15. Galau

38 3 10
                                    

Lirih, suara alunan nada indah, terdengar di telinga. Bersama sebuah nyala api terlihat. Tidak besar, hanya menyala sebesar nyala korek api, tepat di depan florette.

Pelan-pelan, nyala api itu sedikit membesar.

Membesar!

Lebih besar!

Lebih besar lagi!

Dan sangat besaR!

Senandung merdu itu ikut menguat bersamaan dengan membesarnya nyala bola api tersebut.

"Dan sekarang penjaga itu, datang."

Alunan itu terhenti, seketika. Bola api itu terbang ke angkasa, melesat secepat benda itu bisa lakukan. Suara bising serupa deru pesawat tempur, menyertai. Sangat memekakan.

Abdi memperhatikan dengan kewaspadaan penuh. Sedangkan, Saravi melipat tangan di depan dada. Bibirnya menyungging senyum penuh kebanggaan, dan mengangkat dagu.

Terlihat, bola api berekor itu, memperlebar nyala apinya, ke kiri, dan ke kanan. Sekilas, Abdi melihat siluet bentuk burung tergambar jelas dalam api itu.

Hingga, bentuk burung itu perlahan berbentuk, dan menjadi nyata. Burung itu terbang ke segala arah. Sesekali menukik, terbang rendah diatas Abdi, dan Saravi. Suara kaoknya menggema di seluruh angkasa.

Terkadang Abdi, dan Saravi, merunduk. Hempasan angin akibat kepakan sayap burung itu patut diwaspadai. Sesekali Saravi merapikan rambutnya, sembari terlihat kesal.

Setelah puas terbang ke sana, kemari, burung itu memperlambat laju terbangnya, merendah, dan benar-benar mendarat. Saravi berjalan kearahnya, burung itu juga melakukan hal yang sama, dan Abdi masih tetap ditempatnya, tak bergerak.

Tempat burung itu mendarat, tidak jauh dari mereka. Udara yang dihempaskan karena kepakan sayap burung itu juga tak terasa kuat lagi. Mungkin burung itu sengaja melakukanya. Sehingga Saravi batal mencincang burung itu, karena, merusak penampilan rambutnya. Paling tidak itu yang Abdi dengar saat gadis itu menggerutu, tadi.

Tubuh burung itu sangat besar. Tingginya saja kisaran tiga meter. Entahlah dengan bobot tubuhnya, serta lebar rentang sayap mahluk itu. Berdasarkan rasio perbandingan minimal, lebar rentang sayap dari ujung ke ujung sama dengan empat kali panjang tulang belakang. Tentu saja akan lebih lebar lagi jika burung itu lebih berat.

Warna burung itu juga menarik. Dengan dominan warna merah terang, serta beberapa warna jingga dan kuning dibagian dada, balik sayap, dan ekor. Rasanya warna itu seperti gula-gula kapas yang dapat terbang. Terlihat manis.

Begitu berada didepan Saravi, burung itu menunduk, dan memejamkan mata. Seolah memberi salam, atau memang itu yang dilakukanya. Ah, entahlah.

Saravi mengajukan tanganya, mengelus-elus lembut puncak kepala burung merah itu.
"Pyro, bagaimana keadaanmu. Lama kita tidak jumpa."

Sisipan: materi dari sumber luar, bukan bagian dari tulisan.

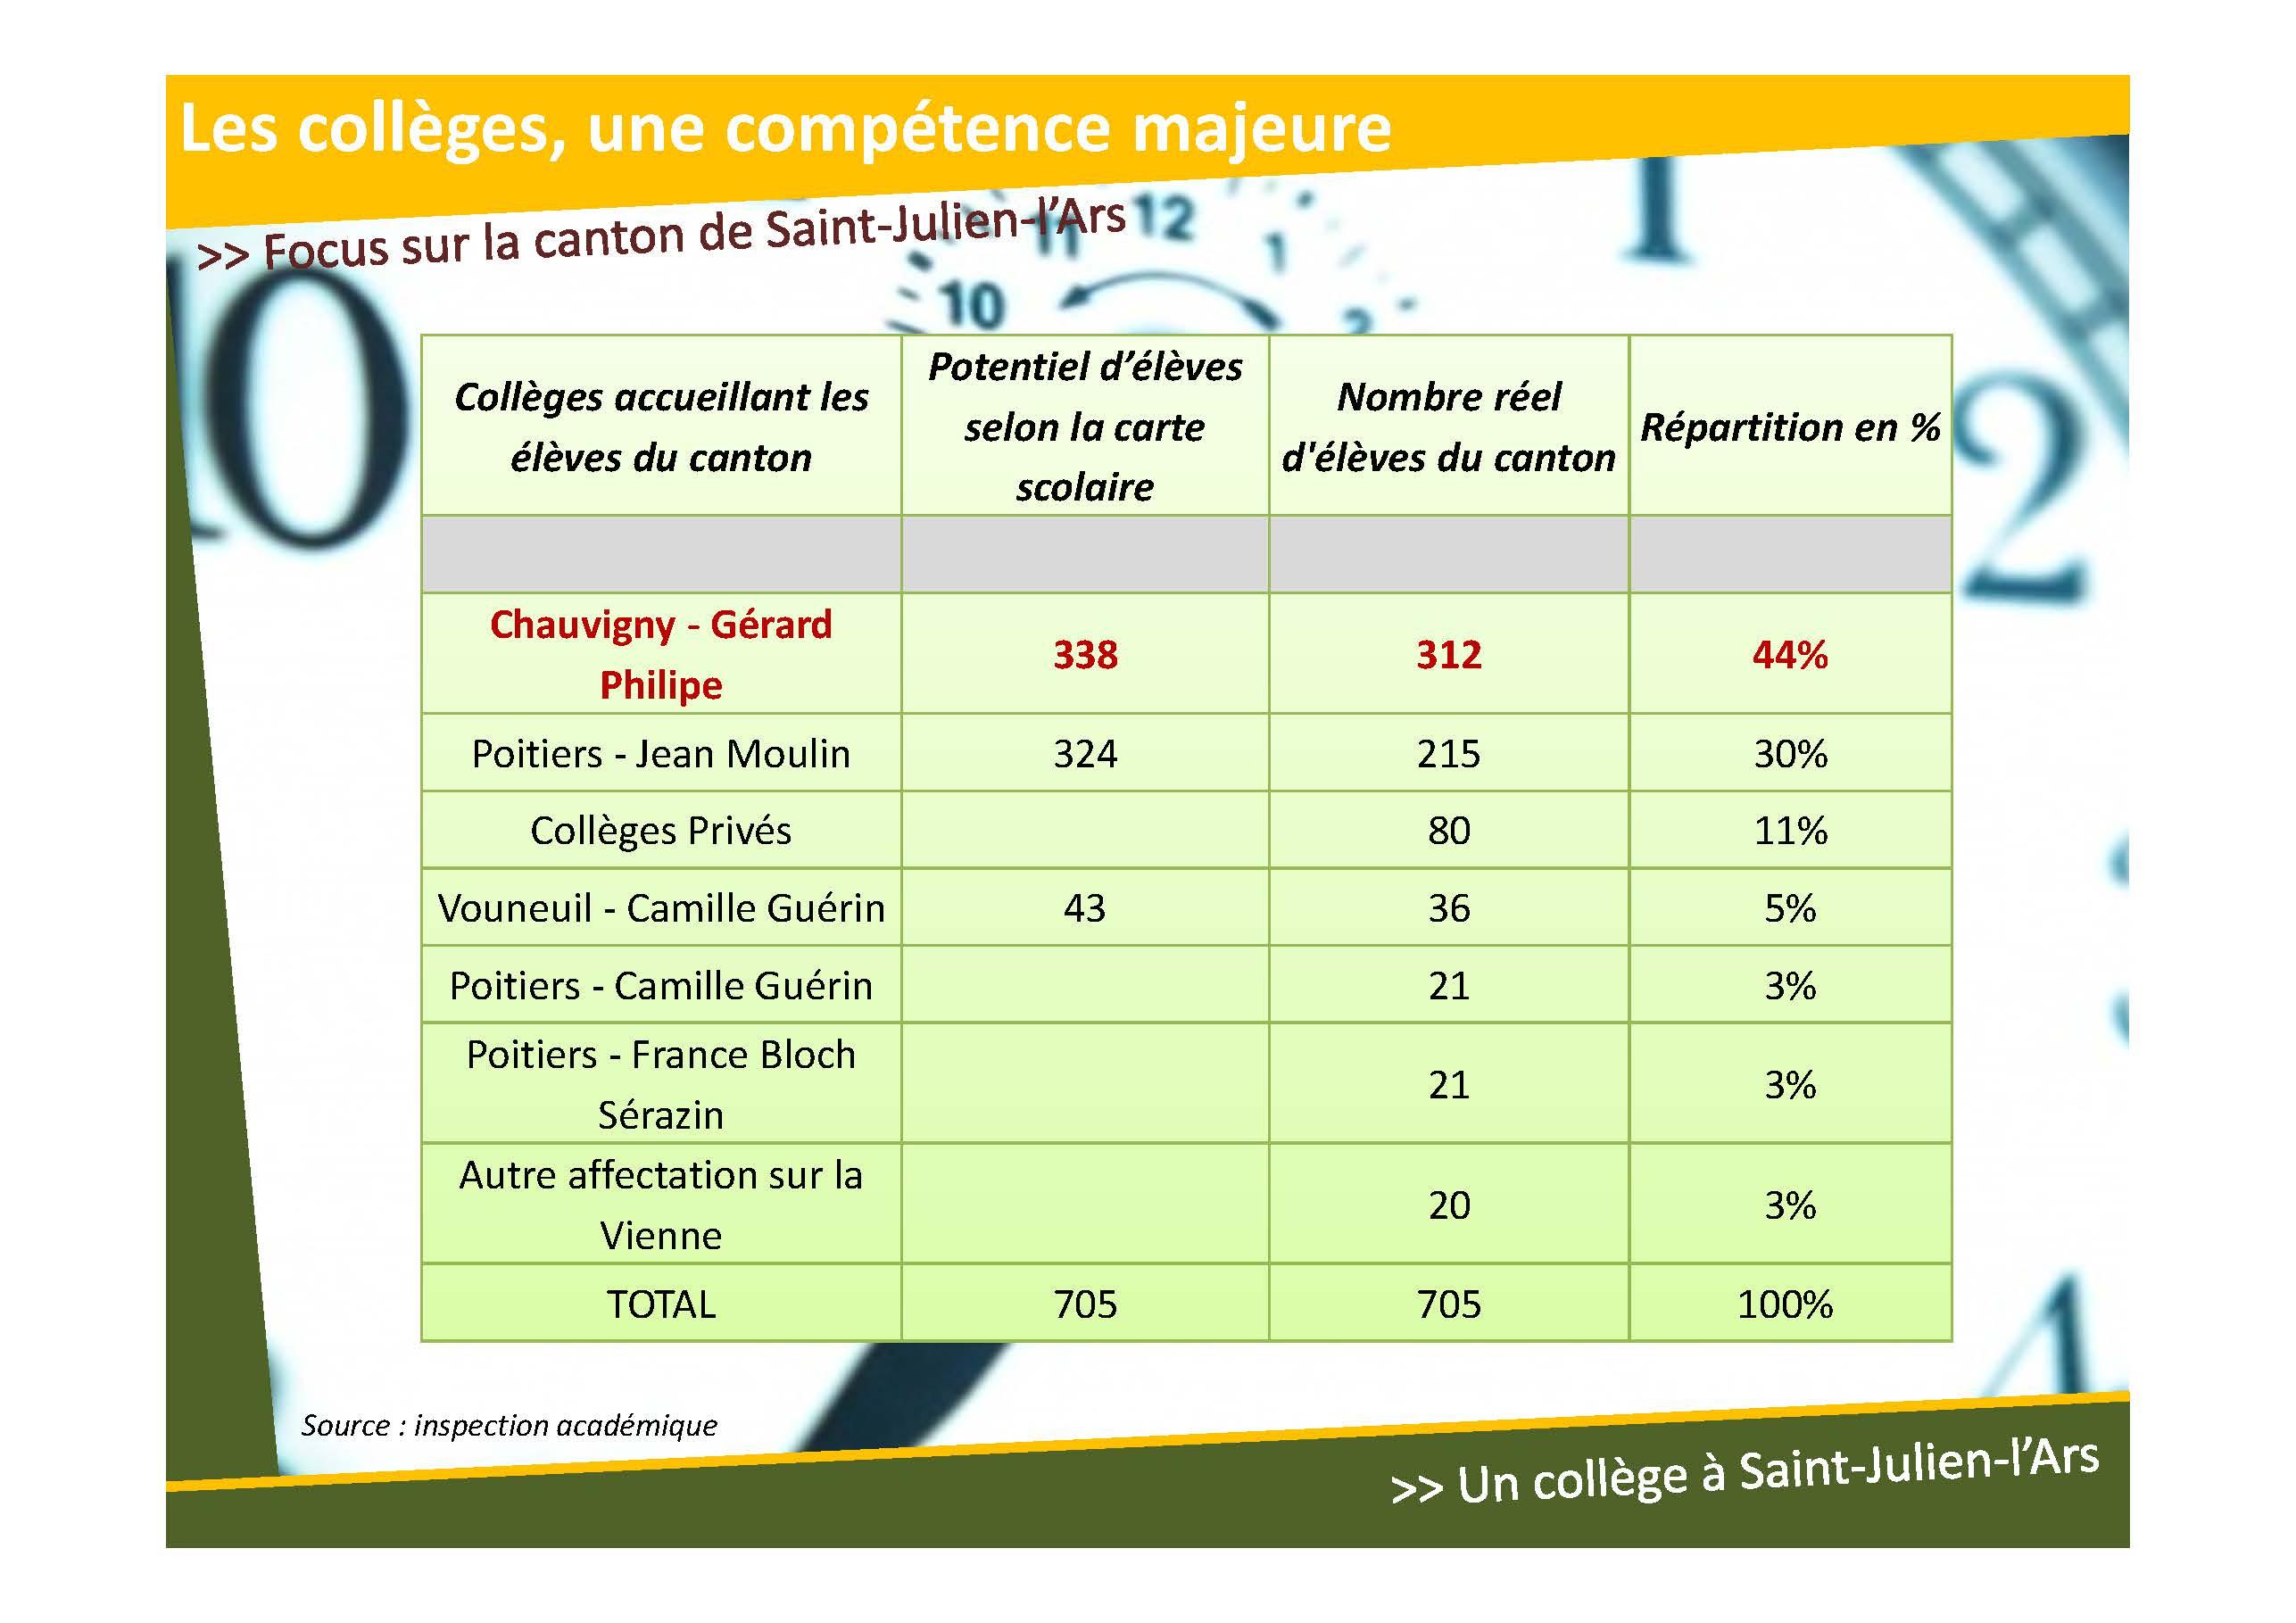 xaviermoinier-college_page_09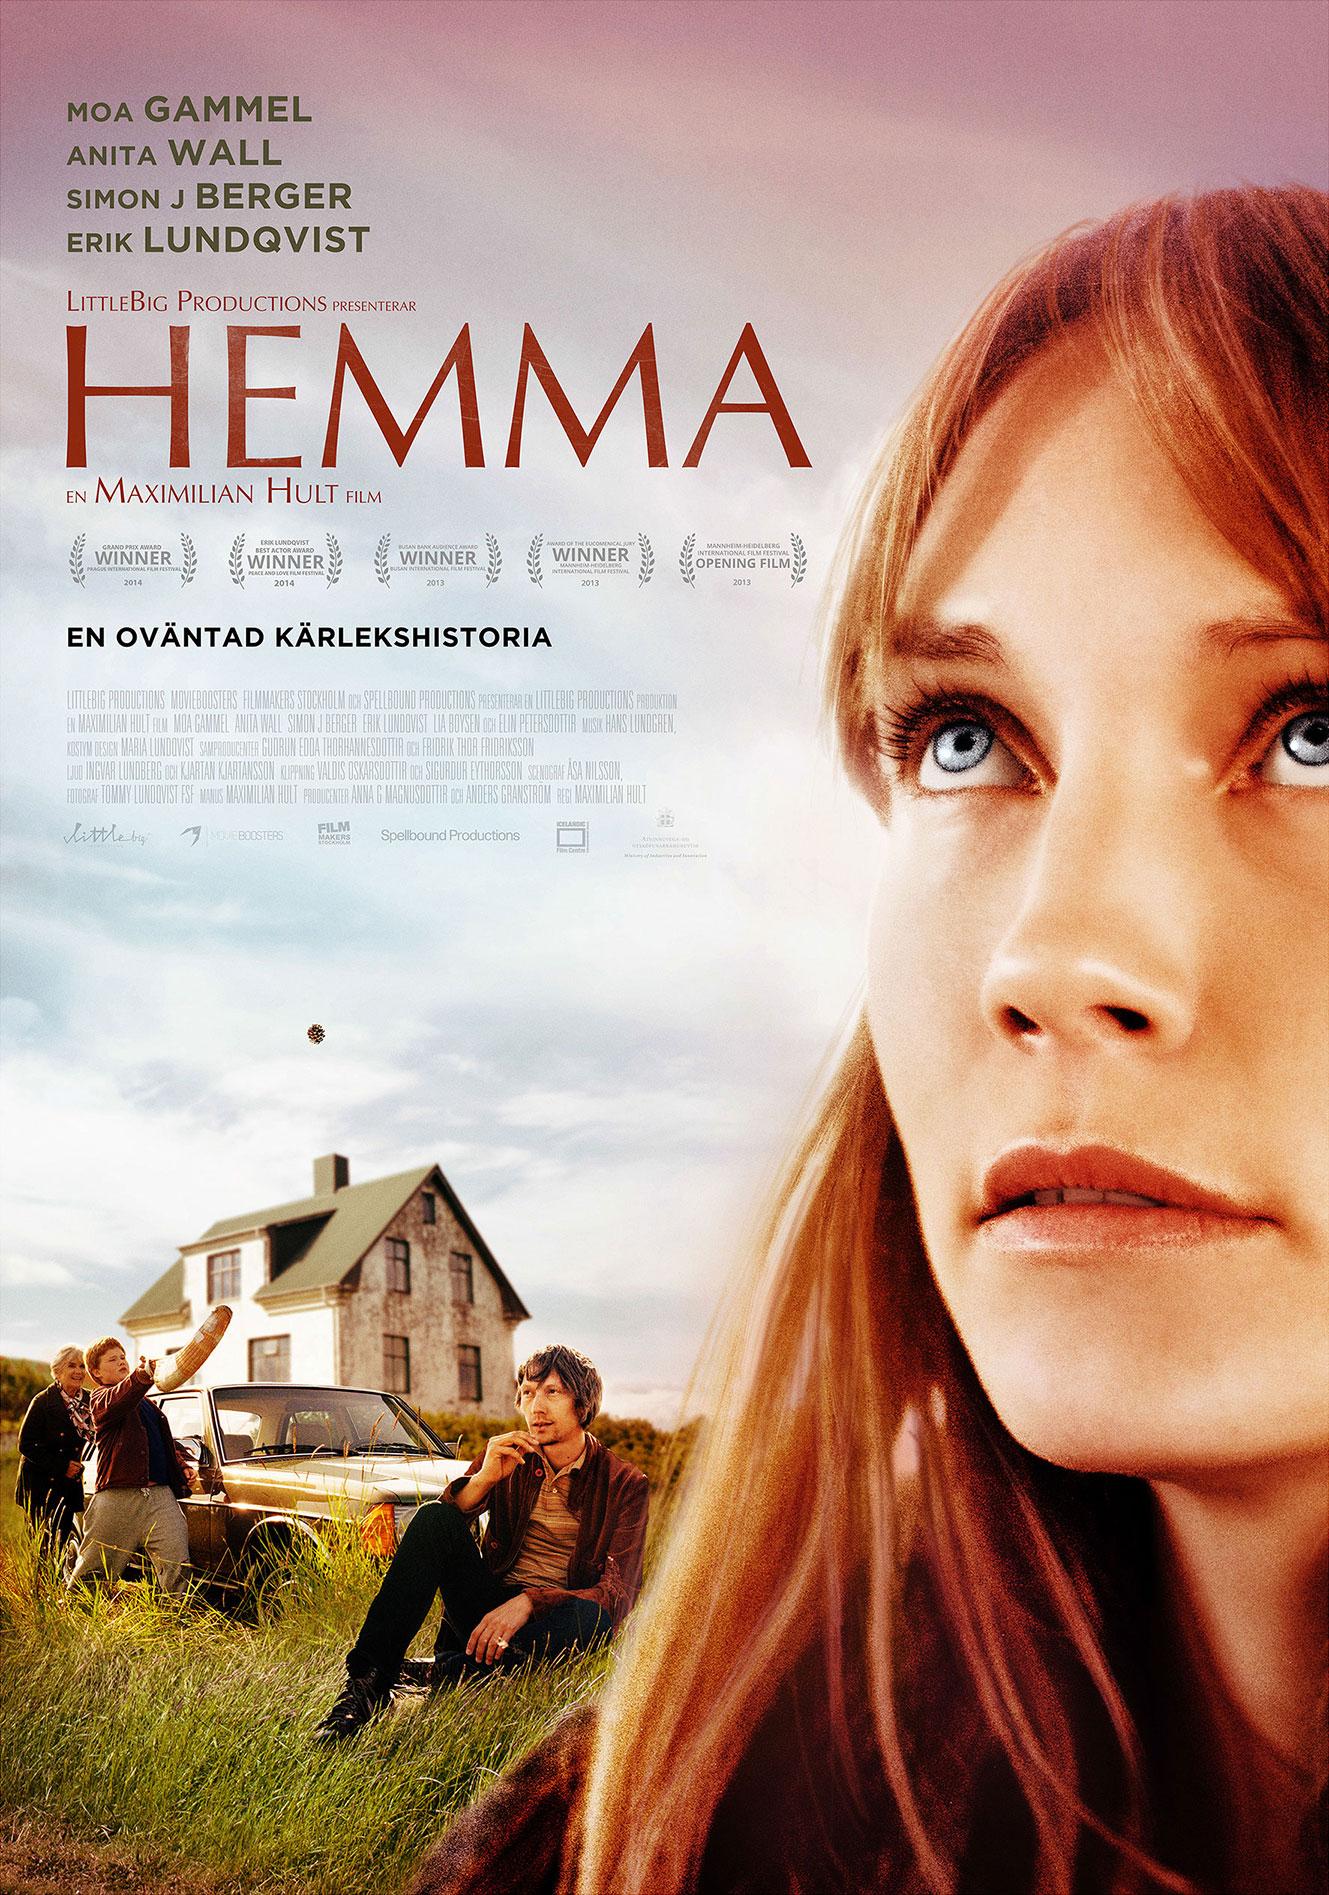 Hemma_sv_web_movieboosters

Burung bernama Pyro itu menikmati belaian lembut Saravi. Seandainya saja belaian itu untuk laki-laki, bukan burung sialan itu.
"Baik Tuan. Saya rasa, terakhir kita bertemu, kira-kira, seperempat revolusi galaxy, belum terlalu lama. Ah, jadi ini wujud anda sekarang, seorang gadis cantik, ya."

Menggelikan, apa yang burung sialan itu tahu tentang cantik.

"Benar, ini wujudku. Seperempat revolusi, sama saja jutaan tahun planet ini. Jadi, lama atau sebentar, itu relatif."

Pyro menegakan badan. Saravi mundur beberapa langkah, dan mendongak untuk menatap.
"Anda benar."
Pyro menyadari ada keberadaan manusia lain. Sekilas, burung itu melihat lewat sudut matanya.
"Jadi, dia among anda. Terlihat biasa saja, tidak ada yang istimewa."